Using all cores on a large VM (112 cores/1TB ram) when grouping by on a dask dataframe

Hi, I have a question regarding the optimal/correct use of dask. I have a need to run groupby on a dask dataframe that is approximately 1B rows (~24 columns). The raw data are strored as many csvs (each about 50-100M rows) and currently I am reading those into memory (1 TB memory on this particular VM). My goal is to write the grouped by csvs to disk in parallel (112 cores on this VM). This is because I have to do this task for many different ~1B datasets and I need timely processing. I believe what I am doing is not correct, because my processor usage is low (~1%) when I do the groupby.

for month in MONTHS: 
    csv_wildcard_path = Path(path_to_input_csvs) / f"{month}-*.csv"
    gdf = dd.read_csv(csv_wildcard_path, usecols=DFCOLS, dtype=dtype, assume_missing=True) # this is about 1B rows (400 or so GB)
    gdf = gdf.map_partitions(convert_partition, meta=EXAMPLE).persist()
    gdf.groupby(["ID"]).apply(write_to_csv, meta=gdf._meta).compute() # this is only using 1 core despite all of the available (112) processors

One note that may or may not be relevant is that the convert_partition function above is:

def convert_partition(df: dd) -> sp.GeoDataFrame:

I have tried wrapping this in a context manager with scheduler=processes but the groupby operation still only uses apparently one core. Note that I know writing to csv is not optimal (and parquet is preferred), but i have a requirement to write to csv, and that is not the current bottleneck in the code – the groupby operation is the bottleneck.
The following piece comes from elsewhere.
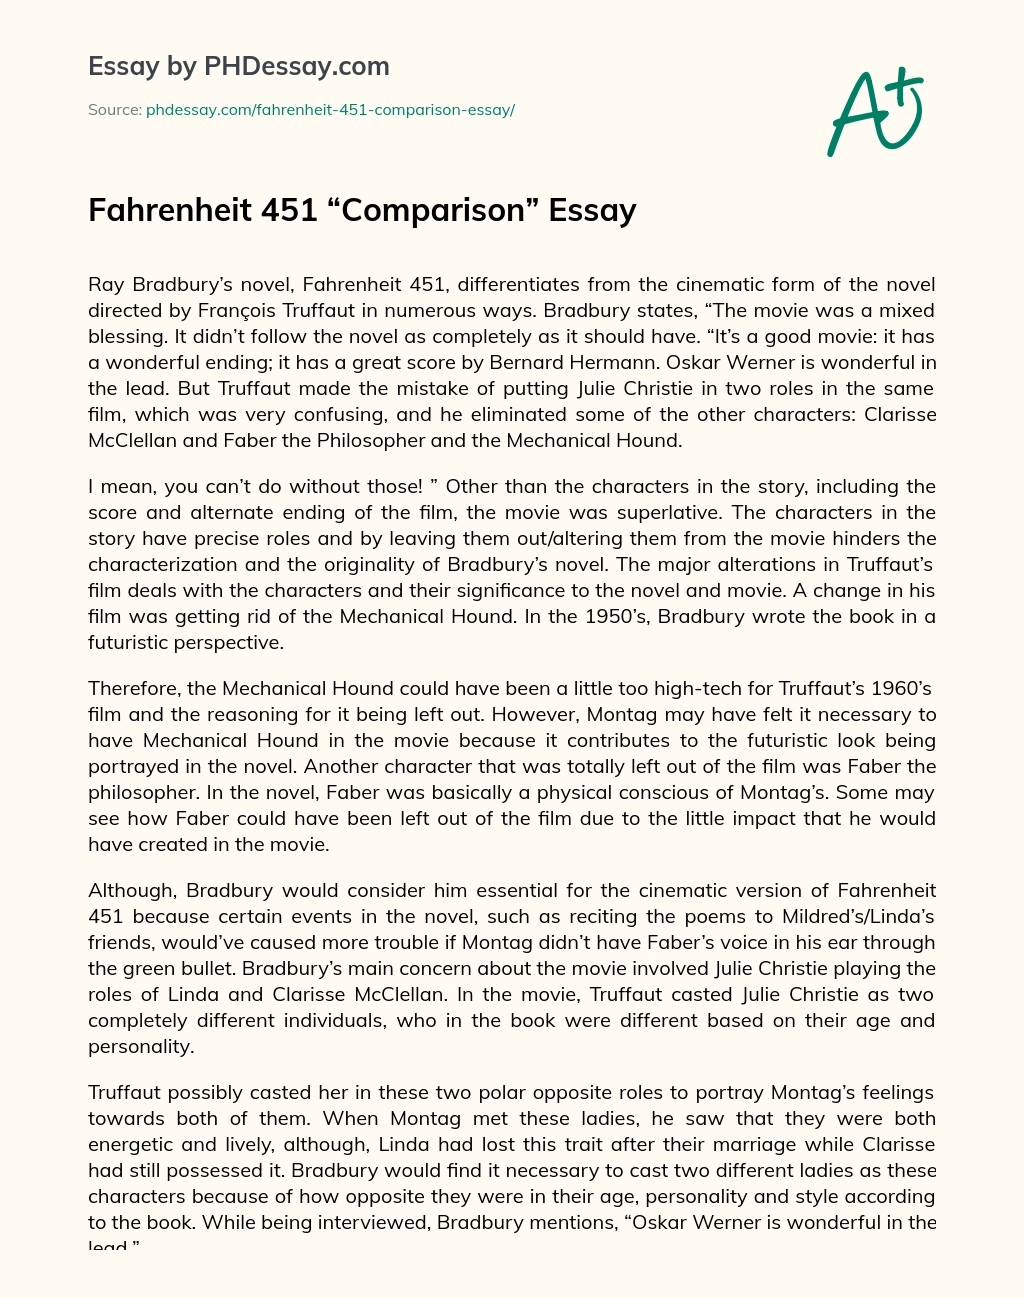 Fahrenheit 451 “Comparison” Essay essay

Is there a reason why you’re doing an apply instead of using to_csv?

Within the write_to_csv method there were a few extra processing steps. I didn’t realize that would cause issues. Thanks for the suggestion! I will attempt a refactor to allow for the direct call to to_csv.

Last time I checked, to_csv and read_csv block the GIL. Even in perfectly GIL-releasing workflows, you will still have a lot of bottlenecks if you have that many threads in a single process.

scheduler=process is not peer-to-peer - meaning that all data goes through your main process, which becomes your bottleneck.
Try starting a LocalCluster with multiple processes and between 1 and 8 threads per process:

import distributed
client = distributed.Client(n_workers=28, threads_per_worker=4)